▸ Exercise description: If a line of the data below contains the string "Study", copy it into your answer.

[Saved data entries]
-.-.-

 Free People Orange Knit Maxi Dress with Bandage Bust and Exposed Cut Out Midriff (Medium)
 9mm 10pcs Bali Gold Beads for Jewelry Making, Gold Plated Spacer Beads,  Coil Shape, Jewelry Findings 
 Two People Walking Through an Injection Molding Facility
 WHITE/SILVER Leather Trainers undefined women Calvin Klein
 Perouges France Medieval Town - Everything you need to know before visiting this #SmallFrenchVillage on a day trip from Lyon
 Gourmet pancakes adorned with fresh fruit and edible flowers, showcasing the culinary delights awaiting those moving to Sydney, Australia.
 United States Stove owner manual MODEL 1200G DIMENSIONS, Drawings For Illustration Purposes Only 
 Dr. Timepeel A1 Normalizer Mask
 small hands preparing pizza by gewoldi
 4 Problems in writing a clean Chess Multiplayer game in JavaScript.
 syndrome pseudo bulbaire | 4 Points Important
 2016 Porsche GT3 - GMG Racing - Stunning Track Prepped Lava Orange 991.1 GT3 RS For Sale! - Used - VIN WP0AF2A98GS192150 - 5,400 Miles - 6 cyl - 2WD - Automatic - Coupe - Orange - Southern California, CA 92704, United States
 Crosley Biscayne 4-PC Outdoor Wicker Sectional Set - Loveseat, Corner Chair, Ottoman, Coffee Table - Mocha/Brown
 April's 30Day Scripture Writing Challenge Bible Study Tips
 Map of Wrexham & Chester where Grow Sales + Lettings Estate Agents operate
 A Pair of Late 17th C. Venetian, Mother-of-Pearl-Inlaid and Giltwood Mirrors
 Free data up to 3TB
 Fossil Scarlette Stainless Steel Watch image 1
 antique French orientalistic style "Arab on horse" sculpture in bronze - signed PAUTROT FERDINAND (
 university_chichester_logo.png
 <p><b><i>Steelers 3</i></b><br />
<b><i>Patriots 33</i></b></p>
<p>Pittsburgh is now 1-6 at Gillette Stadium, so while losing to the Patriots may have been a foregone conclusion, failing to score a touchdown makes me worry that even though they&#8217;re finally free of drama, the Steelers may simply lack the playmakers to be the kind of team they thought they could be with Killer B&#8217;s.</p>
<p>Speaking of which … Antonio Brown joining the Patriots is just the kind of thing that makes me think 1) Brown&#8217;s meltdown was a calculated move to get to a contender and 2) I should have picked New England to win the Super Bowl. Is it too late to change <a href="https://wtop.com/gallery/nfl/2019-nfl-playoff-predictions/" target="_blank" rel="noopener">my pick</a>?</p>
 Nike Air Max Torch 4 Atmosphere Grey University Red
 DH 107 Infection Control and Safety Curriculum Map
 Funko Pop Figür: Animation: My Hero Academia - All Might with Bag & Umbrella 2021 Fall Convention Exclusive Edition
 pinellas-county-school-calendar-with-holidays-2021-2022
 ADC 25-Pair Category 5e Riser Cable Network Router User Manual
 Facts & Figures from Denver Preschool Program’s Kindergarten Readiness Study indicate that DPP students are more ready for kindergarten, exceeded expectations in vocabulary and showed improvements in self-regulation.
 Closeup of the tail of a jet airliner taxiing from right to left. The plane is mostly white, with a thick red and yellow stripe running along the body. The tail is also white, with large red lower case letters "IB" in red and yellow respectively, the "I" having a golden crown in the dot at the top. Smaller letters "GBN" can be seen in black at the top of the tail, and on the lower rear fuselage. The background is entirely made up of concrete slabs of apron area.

-.-.-

▸ Answer area:
 April's 30Day Scripture Writing Challenge Bible Study Tips
 Facts & Figures from Denver Preschool Program’s Kindergarten Readiness Study indicate that DPP students are more ready for kindergarten, exceeded expectations in vocabulary and showed improvements in self-regulation.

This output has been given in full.